If $H \lhd G$ and $|H|=2$, show $H \subseteq Z(G)$.
Is this true when $|H|=3$?
I know that since $H \lhd G$ that means $\forall g \in G$ that $Hg=gH$ and $|H|=2$ that $H=\{1,h\}$ .
I think I need to show that $h \in Z(g)$ and then somehow look at cosets, I am just not sure how.
On
Let $h$ be the generator of $H$. Since $H$ is a normal subgroup of $G$, $g^{-1} h g$ must be in $H$ for every $g$ in $G$. Since $g^{-1} h g$ must still have order 2, it follows that $g^{-1} h g = h$ for every $g$ in $G$. But this means $h$ commutes with every element of $G$, so is in the center of $G$.
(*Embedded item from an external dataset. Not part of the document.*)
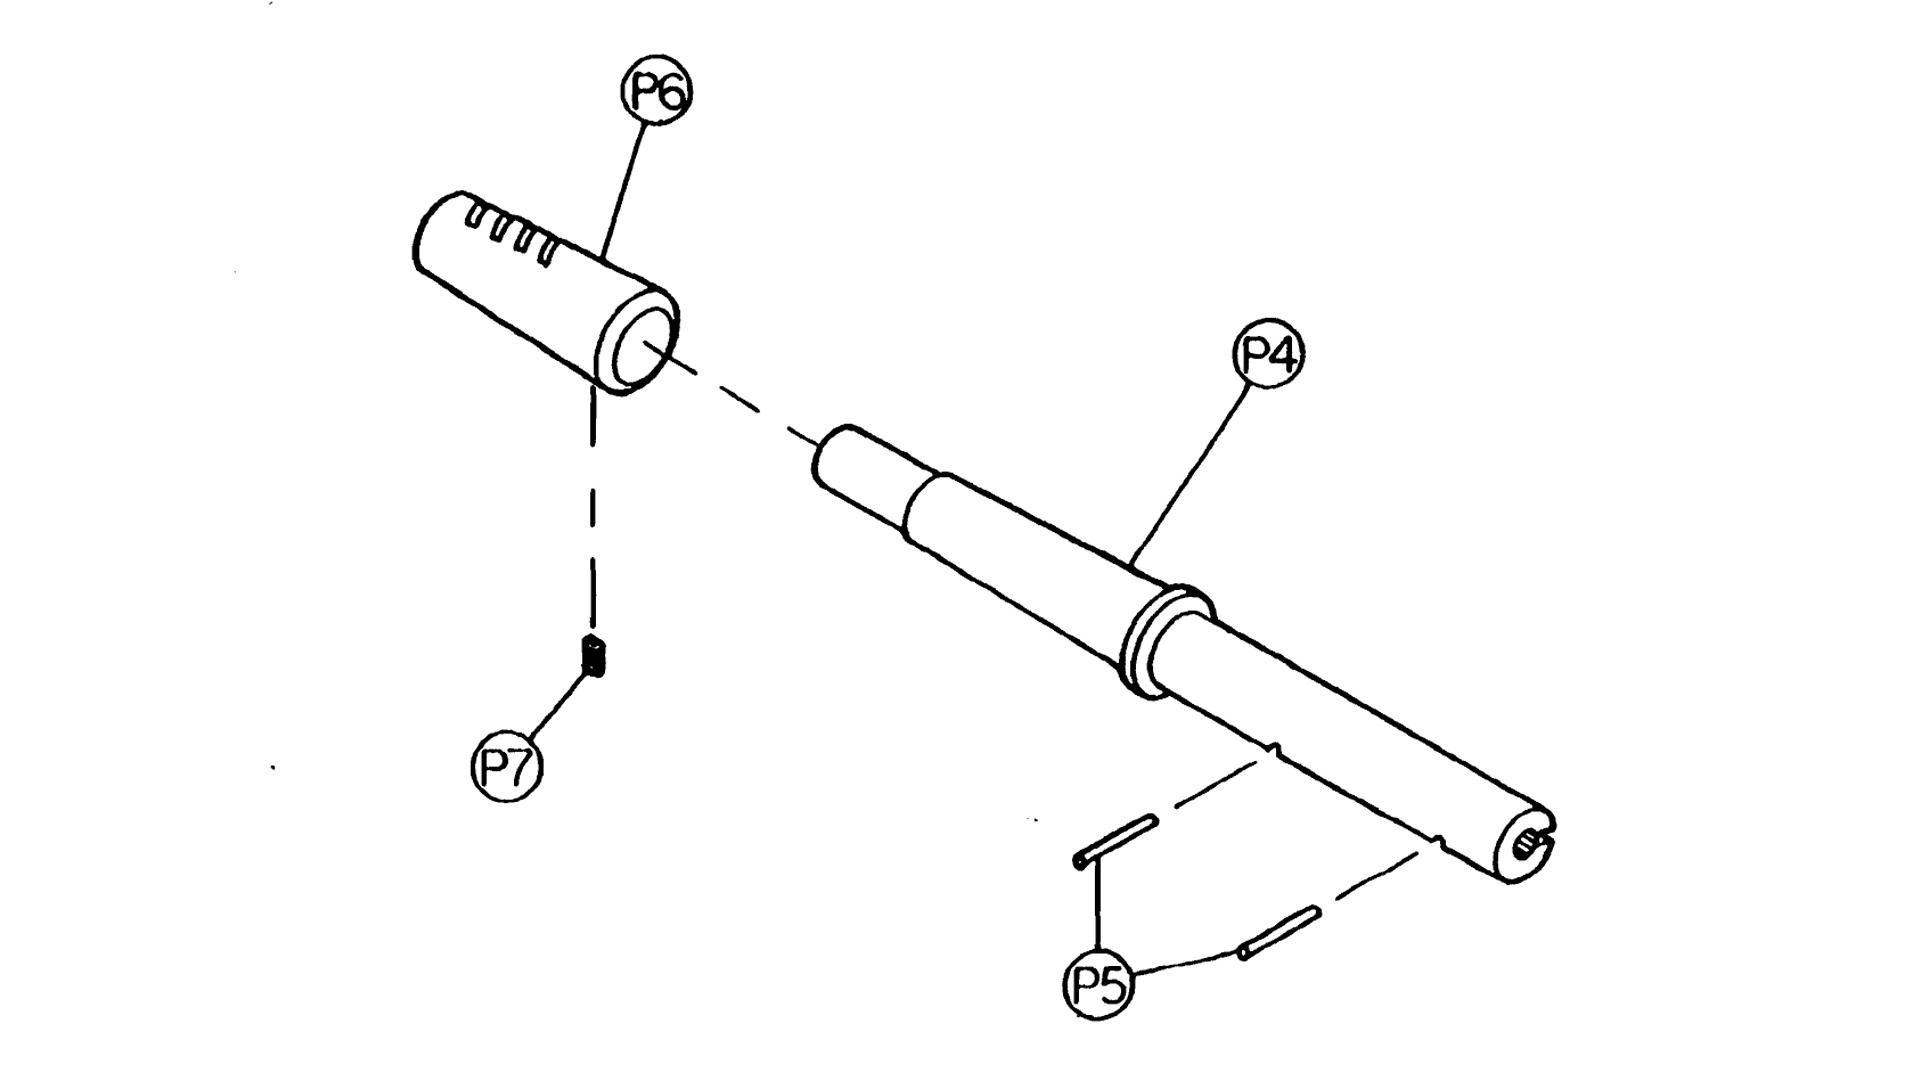 M-110 Pistol Barrel Breakdown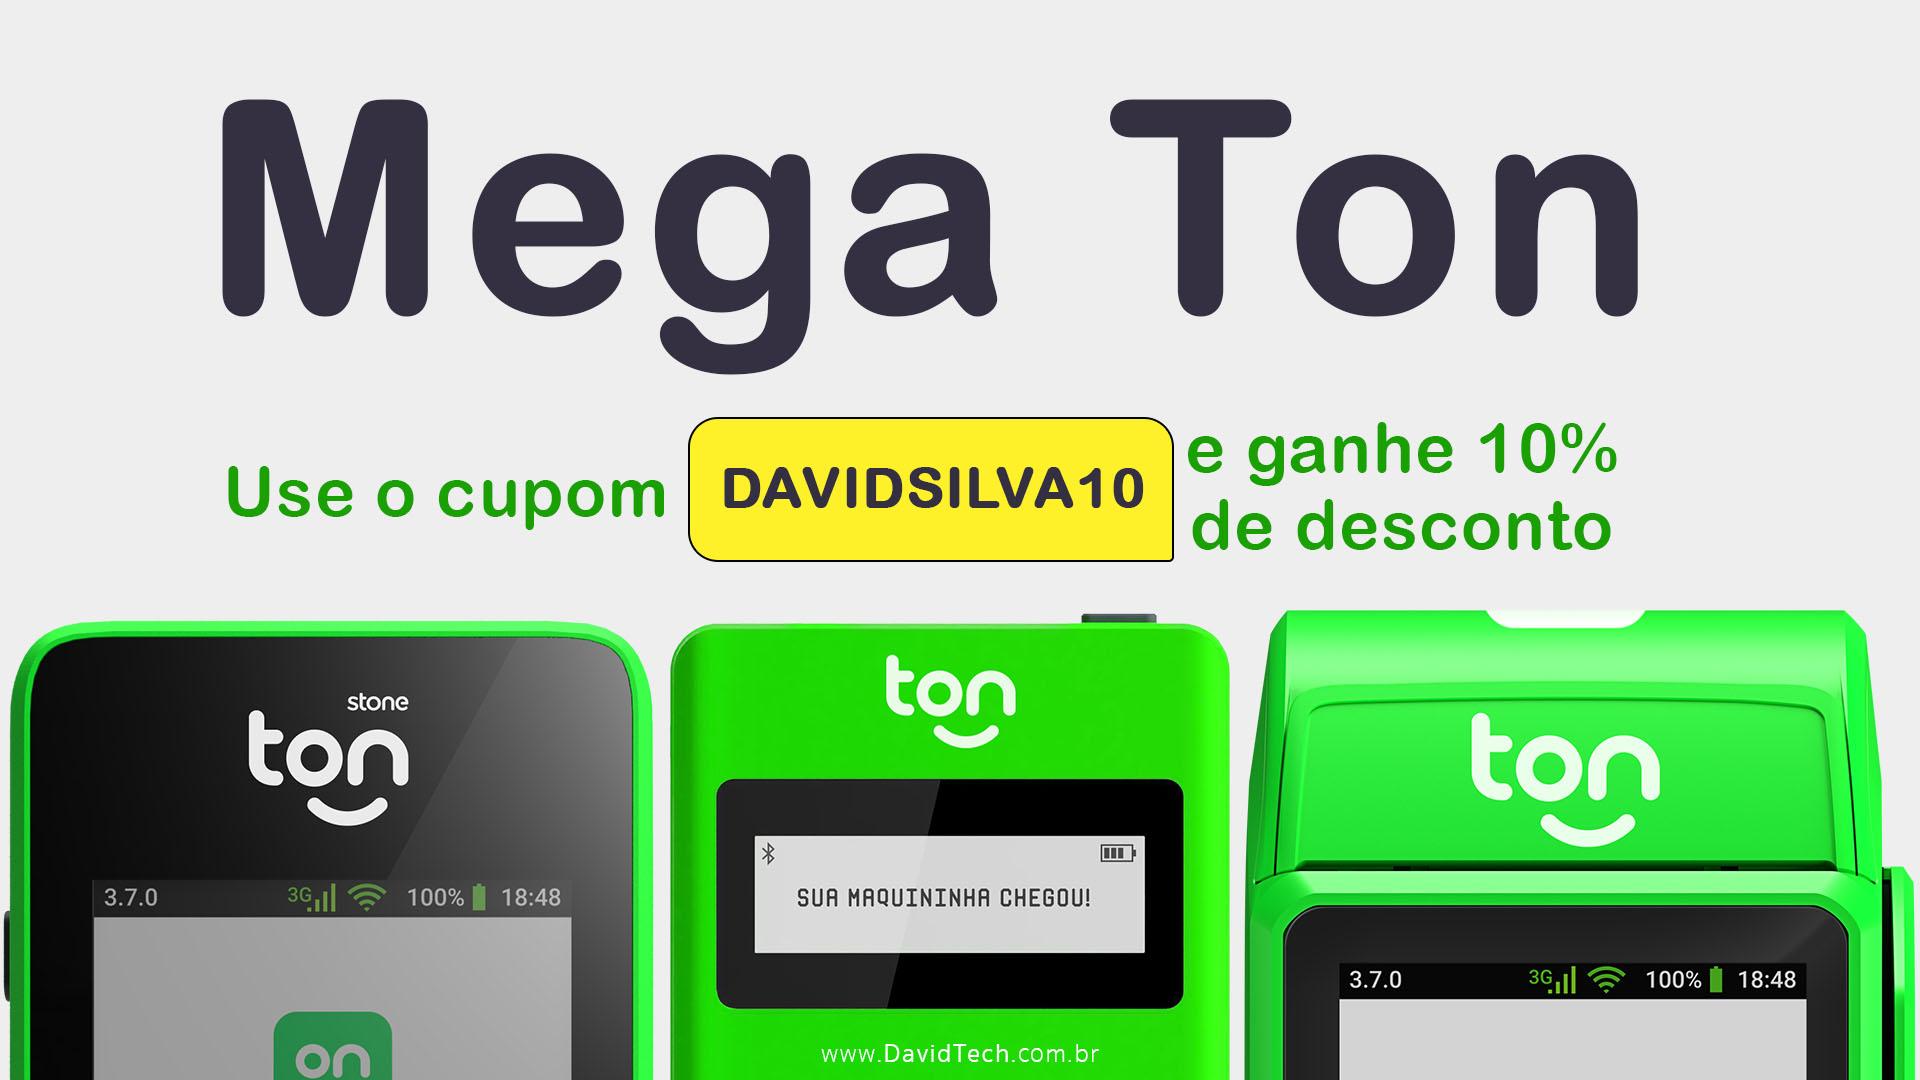 mega ton - stone - máquina de cartão

If $H$ has order 3, this argument fails. Conjugating a generator $h$ of $H$ by an arbitrary element of $G$, it's possible that we'll get back $h^{-1}$. Indeed, this can happen when $G$ is the nonabelian group of order 6, $S_3$. The unique subgroup of order 3 in $S_3$ is not central.
Let $g\in G$, $Ad_g:H\rightarrow H$ defined by $Ad_g(h)=ghg^{-1}$ is an automorphism, since $|H|=2$, $Ad_g$ is the identity. To see this write $H=\{1,h\}$ where $1$ is the neutral, $Ad_g(1)=1$, since $Ad_g$ is a bijection, $ad_g(h)=h$. and $gh=hg$.
$A_3$ has order 3 and is not in the center of $S_3$.